Philometrics Big Data Case working Algorithm was smart enough to dilute psychographics

A group of social scientists and computer engineers who are passionate about transforming survey research. Our founders began as academics at the University of Cambridge, working on finding scalable ways to understand how people think. The survey--a 120 year old instrument of choice for most social scientists--became the focus of this work. Their team found that a combination of big data, machine learning, and survey acumen could lead to remarkable results: Hundreds of thousands of responses to virtually any survey - and at a fraction of the typical cost. 

Image result for philometrics
Philometrics was founded to help bring our technology to the masses. They were passionate about empowering researchers to do the most cutting edge work they can--and without adding big barriers to entry. Philometrics was built on these ideas. They wanted to be powerful, innovative, fast, and easy to use. They wanted to optimize research through the power of online behavioural big data analysis 

Through innovative SurveyExtender method produces insight on a revolutionary scale, empowering clients to understand people, markets, and competitors more deeply and accurately than ever before. Philometrics' team is formed of experienced business analysts and leading academic researchers, all of whom are experienced in helping academics and companies utilize the power of detailed survey insight.

What is SurveyExtender?

The basic idea behind surveys is 120 years old: To get a response, a person has to answer your questions. This is both expensive and time consuming. Not surprisingly, most surveys don't have many respondents. And those that do, are astronomically expensive. Yet they know that surveys with few respondents usually do not accurately reflect the population. So survey researchers are typically left with poor quality data and poor quality answers. To date, this has been acceptable because no better alternative existed.

SurveyExtender changes this. It's built on the idea that we can forecast how hundreds of thousands of people would respond to a survey without actually needing them to take the survey. This idea is provocative and a major shift in how we think about doing survey research. They have spent the last few years figuring out how to do it, and building a rigorous science to validate the method and give us the confidence that this is the way to do survey research.

The result: They take your survey of 1,000 respondents and give you back responses for over 100,000 anonymous respondents across the United States.

Survey Extender works by using state-of-the-art machine learning technology that automatically builds models predicting responses to your survey questions using people's a special survey of demographic and psychological questions.

The rest of this page shares in detail the scientific validation of SurveyExtender and the basic principles of how it functions.
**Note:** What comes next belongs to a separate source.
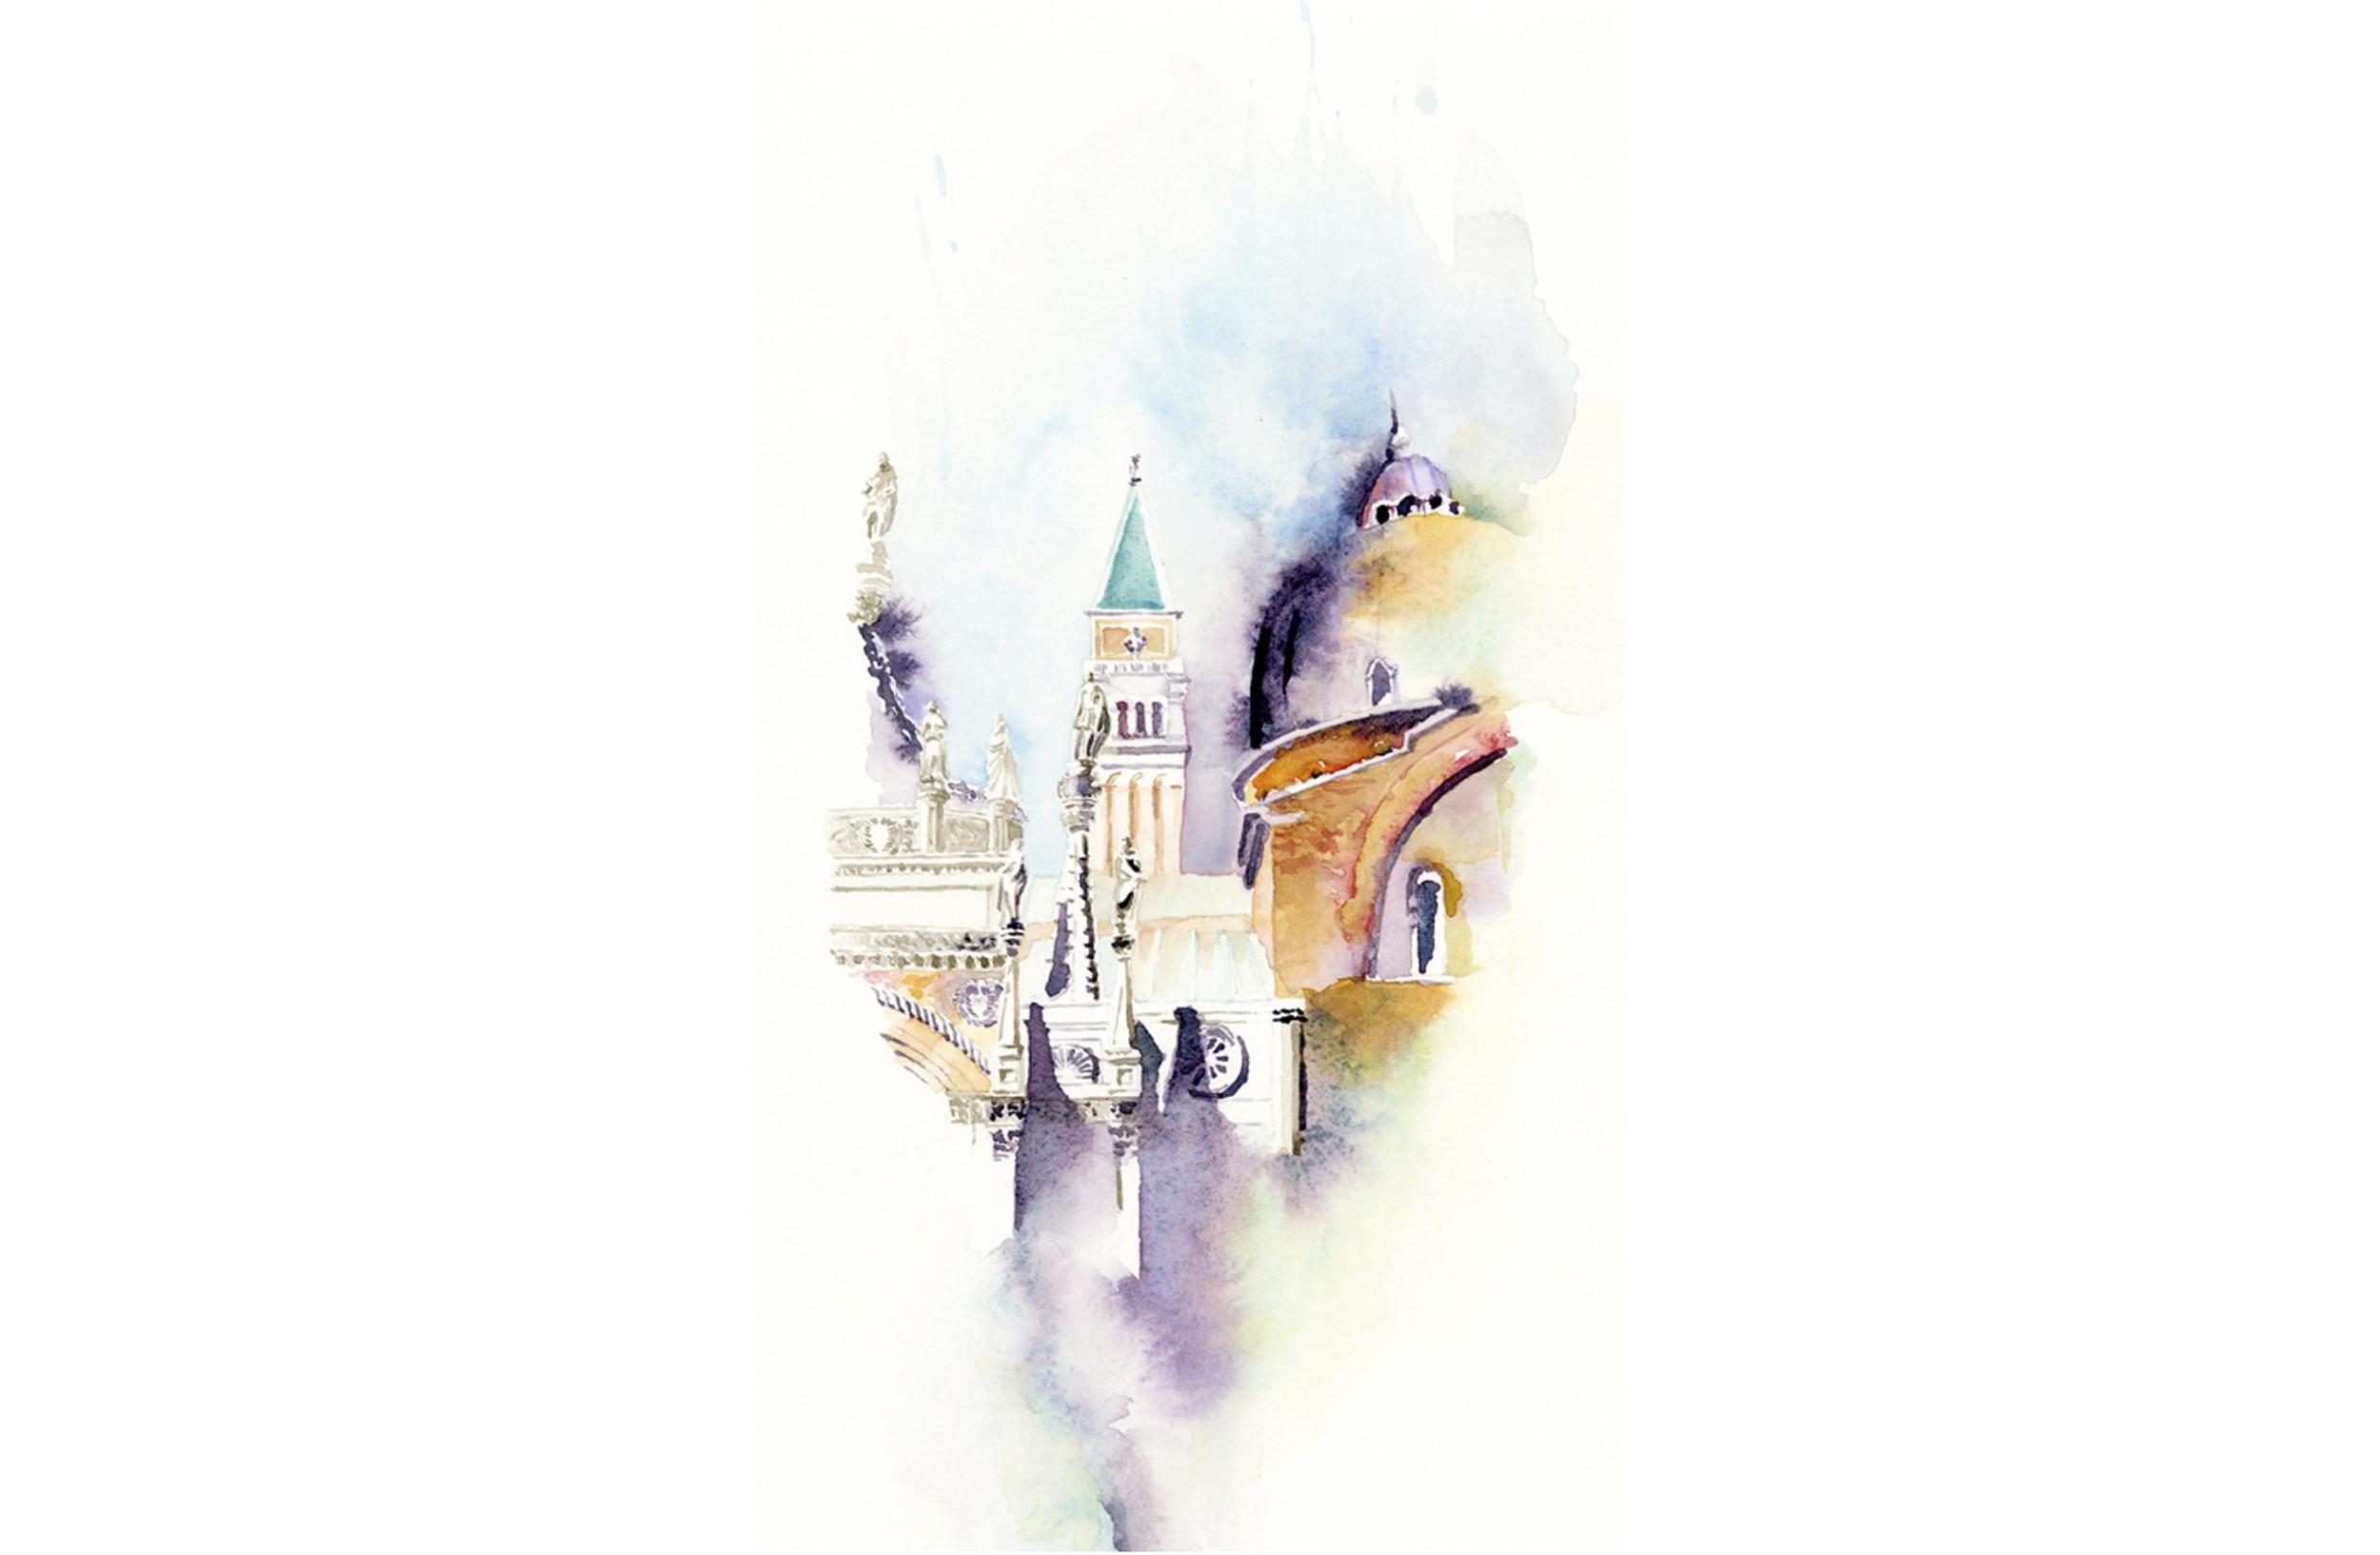 venetian-vista-watercolor-sant-marks-doges-palace-copyright-sophia-khan.jpg

They were ultimately skeptical scientists and have worked hard to convince ourselves that survey forecasting works. We hope you find our evidence convincing. But the best way to actually see if it works is to test it yourself. Run a survey, have it extended, and play with the results.

Basics Behind Survey Forecasting

SurveyExtender works by (a) taking a sample of participants (at least 1000) who have answered your survey and a special "Rosetta Stone" survey of ours, (b) uses machine learning to build models of how the "Rosetta Stone" survey maps onto your responses, and then (c) feeds through the "Rosetta Stone" survey responses of 100,000+ anonymous people through these models to generate forecasts for how they might answer your survey.

Step 1: Your Survey + Social Media from 1000 respondents

For SurveyExtender to work, it will need data to build its machine learning models. This data has two parts: (a) Responses to your survey (which will be used as the output), and (b) A special all of our participants take which we call the "Rosetta Stone" survey (which will be used as the input). Philometrics makes it easy to get both parts of the data. Simply build your survey using our survey engine and then turn SurveyExtender on in the study settings (or when creating the study). They will automatically add the necessary questions to the beginning of your study to collect the "Rosetta Stone" survey.Once you have your survey ready, simply recruit at least 1000 people to do your survey. They need at least 1000 people to answer each question to ensure the models have high enough accuracy rates. For best results, they recommend recruiting even more--1500 to 2000 respondents.

Step 2: Automatically Building Models

Once you have collected at least 1000 participants who have both (a) Responses to your survey and (b) the "Rosetta Stone" survey, SurveyExtender applies machine learning algorithms to build a model for every question that is either continuous (likert, slider) or categorical (multiple choice, drop down, checkbox) in nature.The models take the "Rosetta Stone" survey responses as inputs--the Xs in a regression. Then they set each survey question as the output--the Y in a regression.

Step 3: Forecast

Once the models are ready, we feed the "Rosetta Stone" survey data of over 100,000 anonymous people through the models. This generates a forecast for each person how they might respond to each survey question. This forecast is based on each person's psychology and demographics behavior. To learn more about the logic behind why this works--and why it provides better results than just surveys--keep reading!

The Need for Large Samples

Research is about generalizing: They want to take something we've learned about our participants and generalize the insight to the broader population. This has been historically difficult to do without a very large number of participants. Let’s take an example: Imagine you want to conduct a political poll. You recruit 1000 Americans and ask them their political preferences. In the best case scenario, this sample is nationally representative. 

What you can confidently learn from these 1000 people is how on average, Americans are leaning in their political preferences. However, this is a national level snapshot, and misses much of the rich differences that exist between states. So now let’s imagine you want to go deeper and ask what are people's political preferences in each state. The 1000 participants provide poor answers to this question because you have very few people from each state - smaller states, such as Vermont, may not even have a single person represented in your 1000 participants. You quickly run into the small N problem: Too few participant data points on the population (each state's voters) you are trying to generalize about.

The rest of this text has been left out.